In production facilities and supply chains, Lauryl Acrylate comes in drums or intermediate bulk containers (IBCs) as a liquid, but it can be cooled into flakes or solid pearls for special applications or easier dosing. Powdered or crystallized grades remain less common because the material needs significant cold or additives to keep from sticking together. Each form demands careful sealing against moisture and air, not only to fight hydrolysis of the ester bond but to avoid stray polymerization, as oxygen and heat can spark unwanted reactions. Keeping the storage area cool, dry, and shaded extends shelf life, and suppliers usually recommend inhibitors like MEHQ (monomethyl ether hydroquinone) to slow down accidental polymerization during transit or storage.
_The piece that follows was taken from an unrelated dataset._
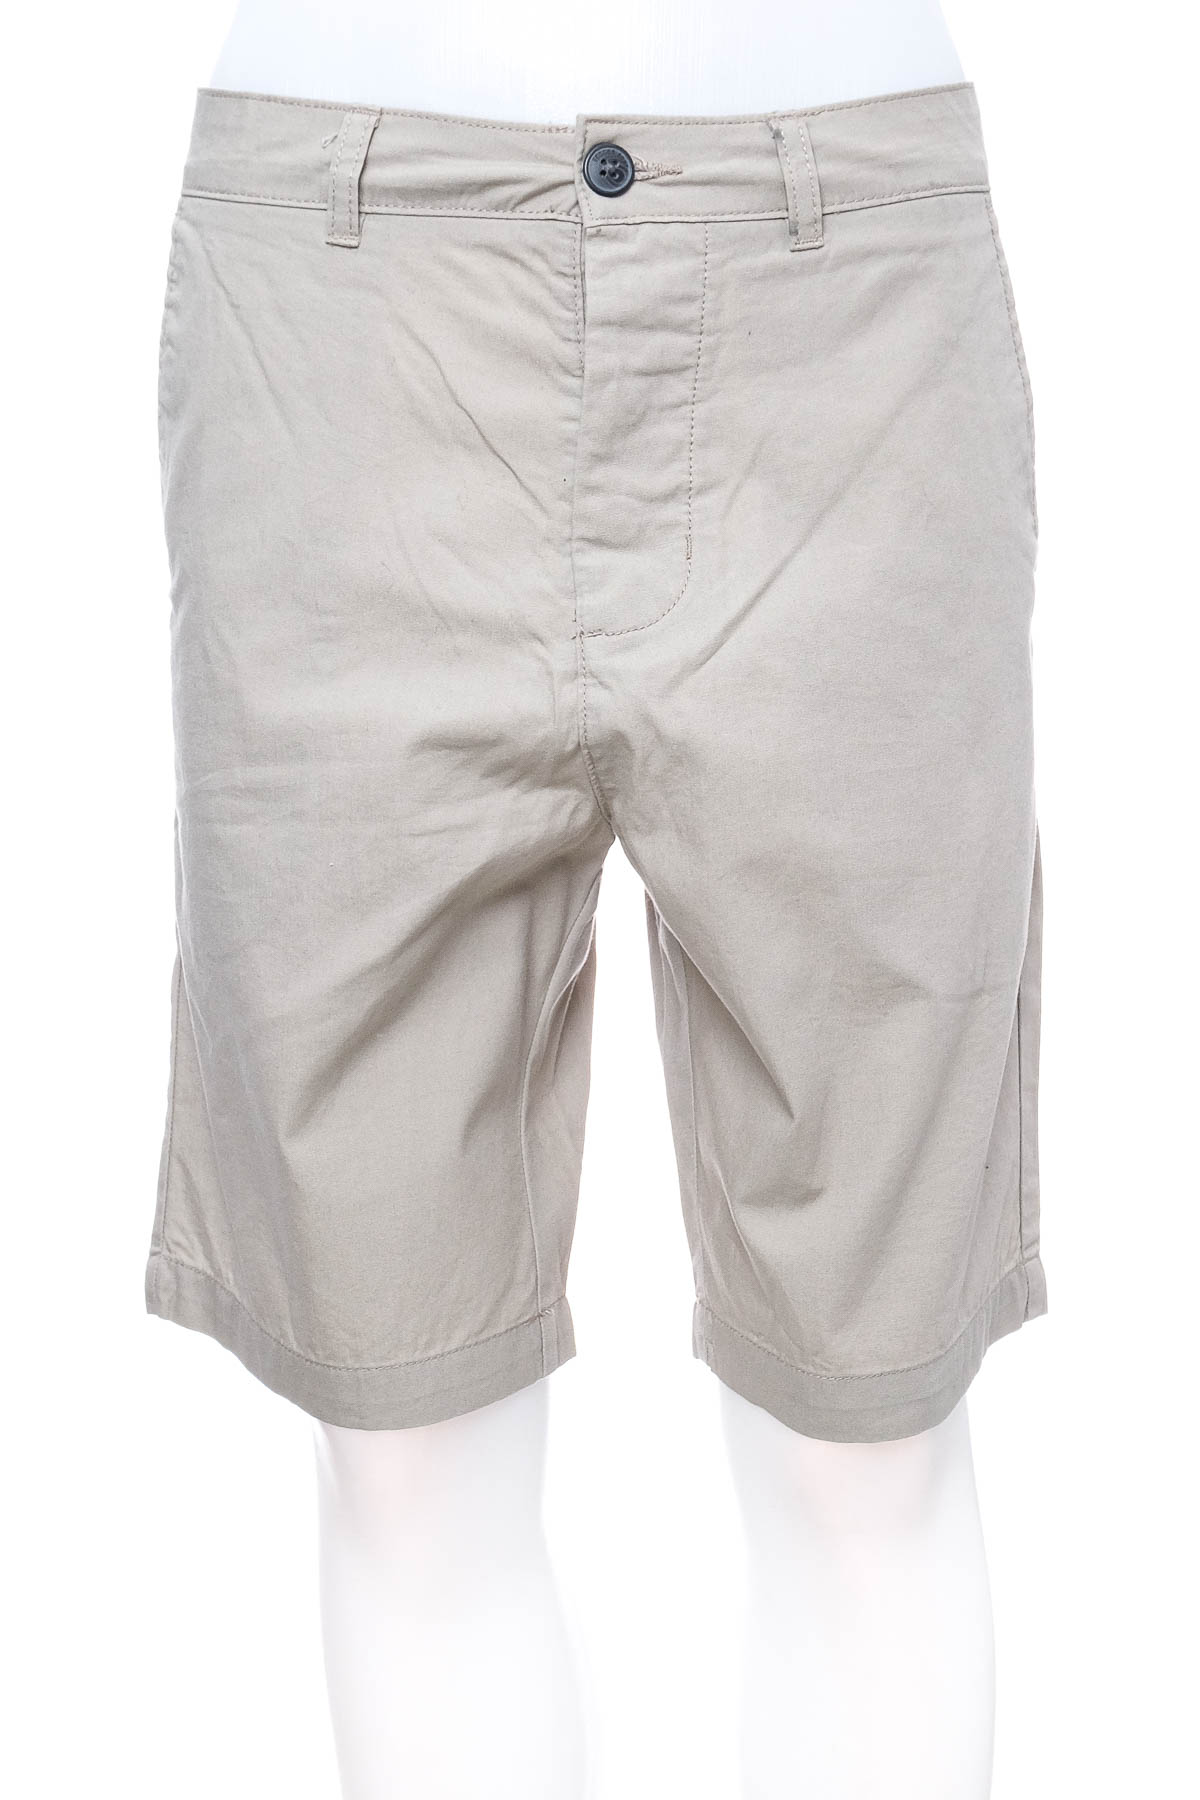 Pantaloni scurți bărbați - DIVIDED - 0

Anyone familiar with the coatings and adhesives sector would notice Lauryl Acrylate on safety data sheets for a broad mix of water-resistant, flexible, and UV-stable products. For instance, it strengthens paints and floor waxes thanks to its long chain, which forms films tough against scuffs and soft against impact. In adhesives, it raises tackiness and peel strength without resorting to solvent-heavy plasticizers. Personal care products, such as gels and creams, sometimes include polymers derived from Lauryl Acrylate, where the balance of water-insolubility and mildness hits sweet spots in cosmetics that need both performance and gentleness. Its use in copolymerization also allows for dialed-in combinations for specialty plastics, fibers, and sealants.
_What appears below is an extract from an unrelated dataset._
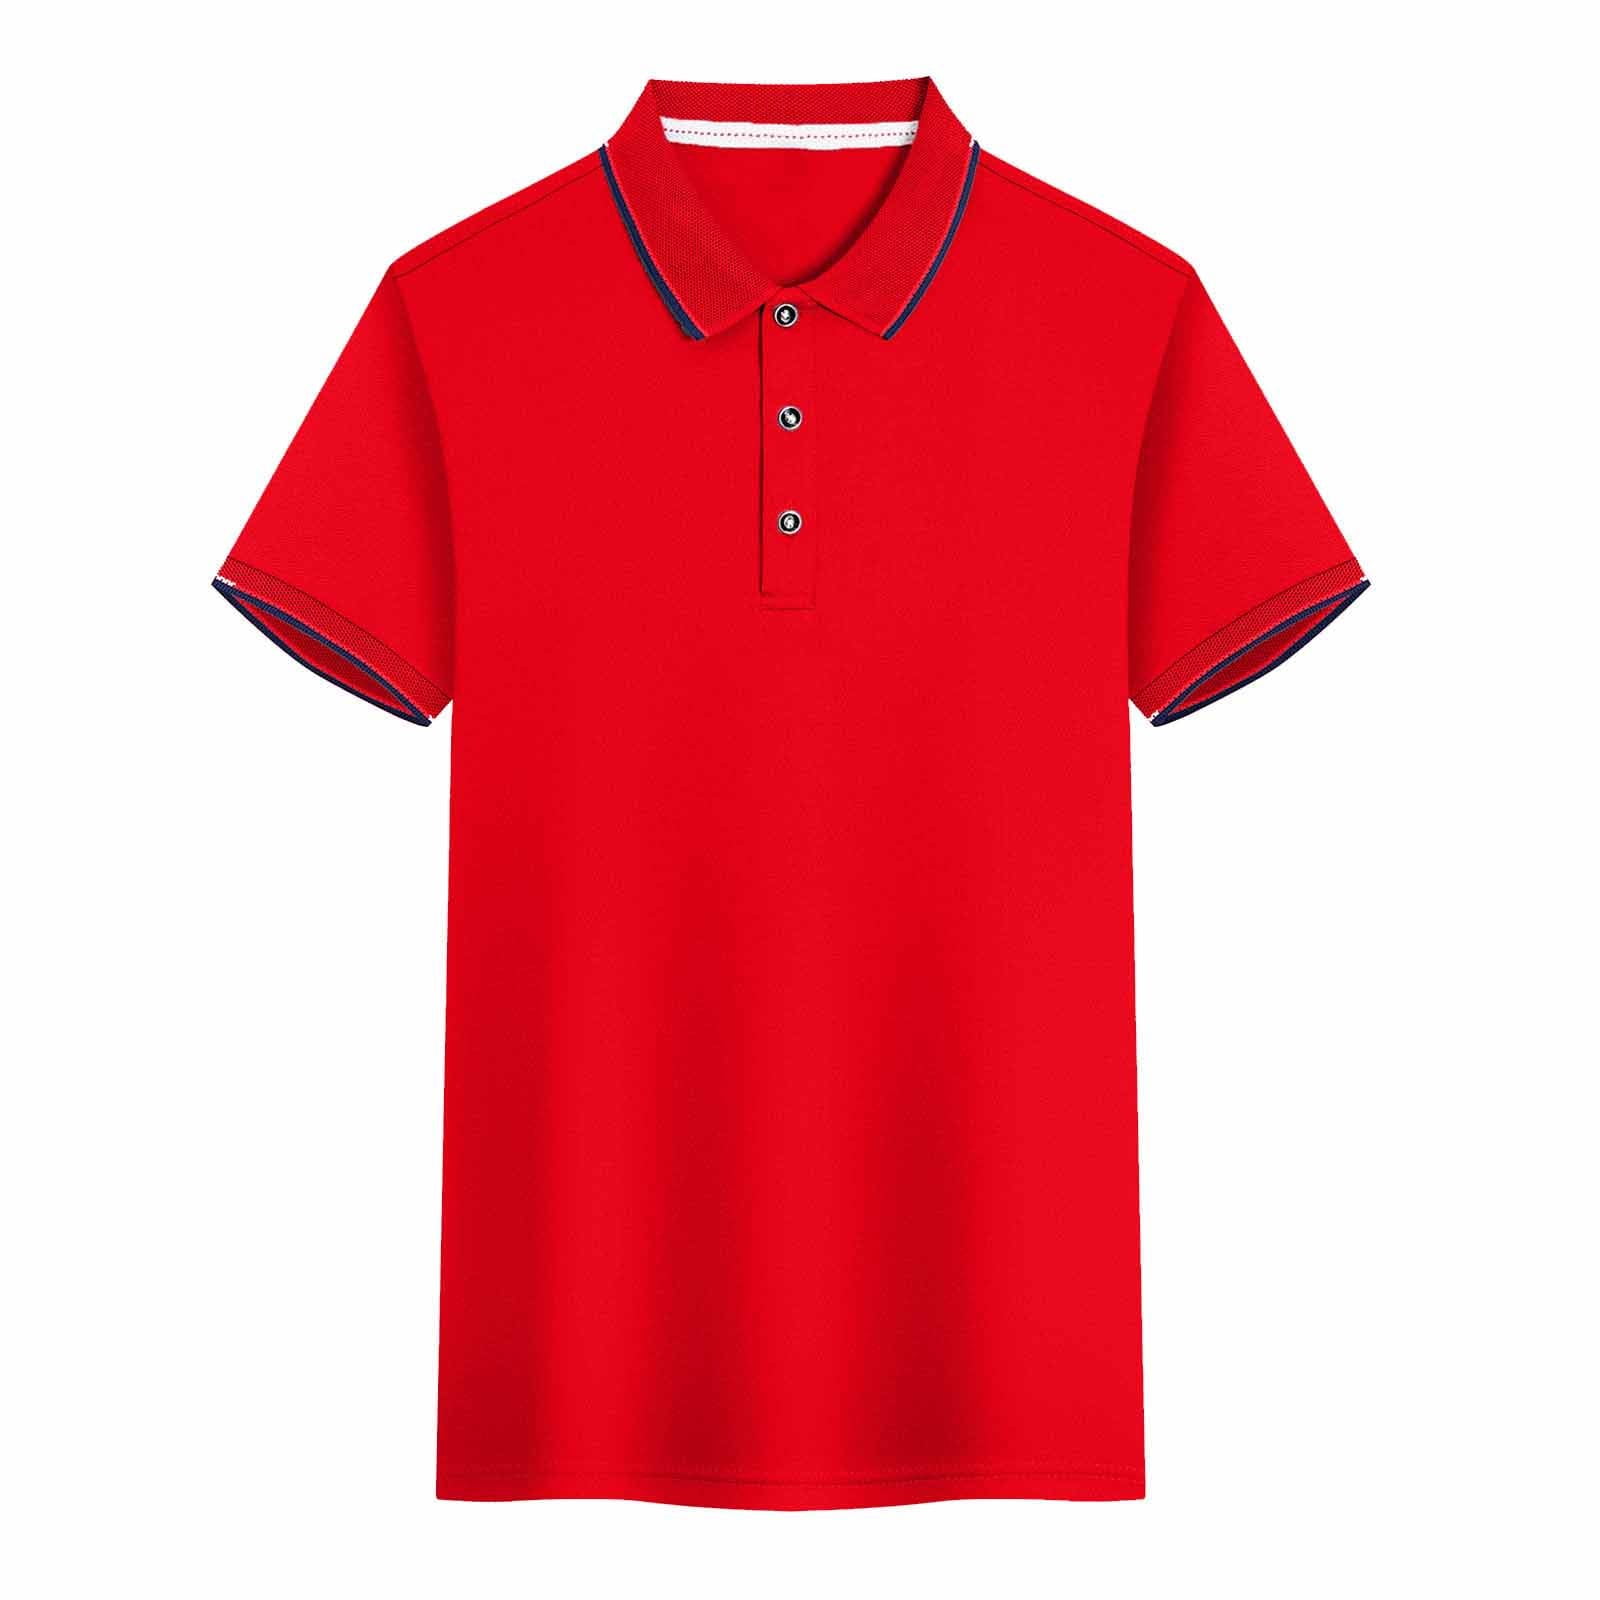 Vivianyo HD Women's Sport Cool DRI Polo Shirt, Moisture-Wicking ...

Lauryl Acrylate, like most acrylate esters, brings certain hazards worth paying attention to in a busy workplace. The raw monomer can irritate skin, eyes, or lungs, and inhaling vapors in poorly ventilated settings poses risks. Its GHS classification paints it as harmful with chronic exposure, but with gloves, goggles, and tight container lids, most risks can be managed during production or handling. Operators need to monitor polymerization temperature and introduce inhibitors as insurance against runaway reactions, since heat and light can trigger rapid, exothermic chain formation. Wastewater treatment requires special filtration and decomposition, because the acrylic component poses a mild aquatic hazard if flushed untreated. Environmental managers should focus on spill control, air monitoring, and periodic employee safety briefings, as small habits build up to real impact on environmental integrity and industrial health.
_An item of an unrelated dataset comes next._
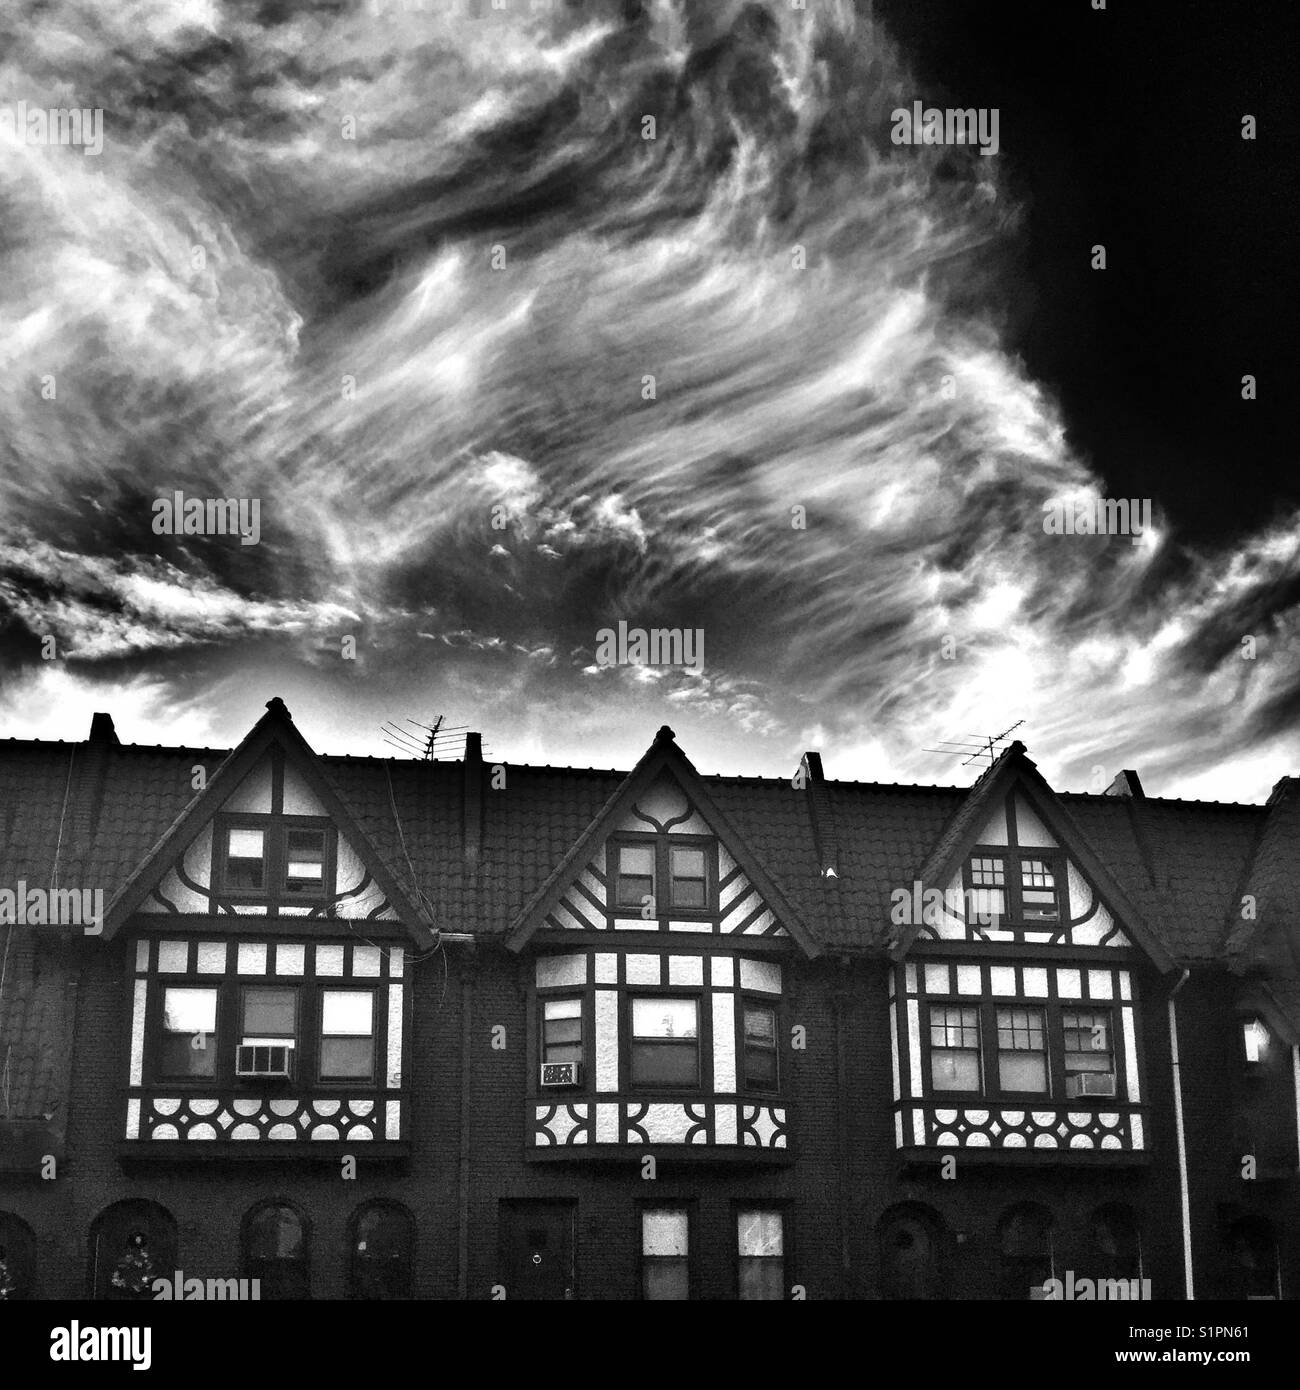 Eine dramatische schwarz-weiß Bild von drei Brooklyn brownstones gegen einen dunklen bewölkter Himmel Stockfoto

Working with Lauryl Acrylate successfully depends on a thoughtful mix of engineering controls and informed handling. Facilities should automate drum unloading and metering to keep operator contact to a minimum, as these steps cut down on both lost product and personal exposure. Adding clear signage and laminated safety guides near storage areas arms handlers with the information they need. Waste should be channeled to closed-loop solvent recovery where possible, recycling unreacted monomer or safely neutralizing residuals before disposal. Environmental monitoring—both leak detection and exhaust scrubbers—keeps air quality up for plant personnel and local neighborhoods. Training teams about the interplay of temperature, pressure, and inhibitor levels equips them to nip issues in the bud before they grow into full-blown safety threats. By keeping systems straightforward and feedback loops short, chemical manufacturers can balance productivity, safety, and compliance with ease, while keeping Lauryl Acrylate a reliable asset in their toolkit.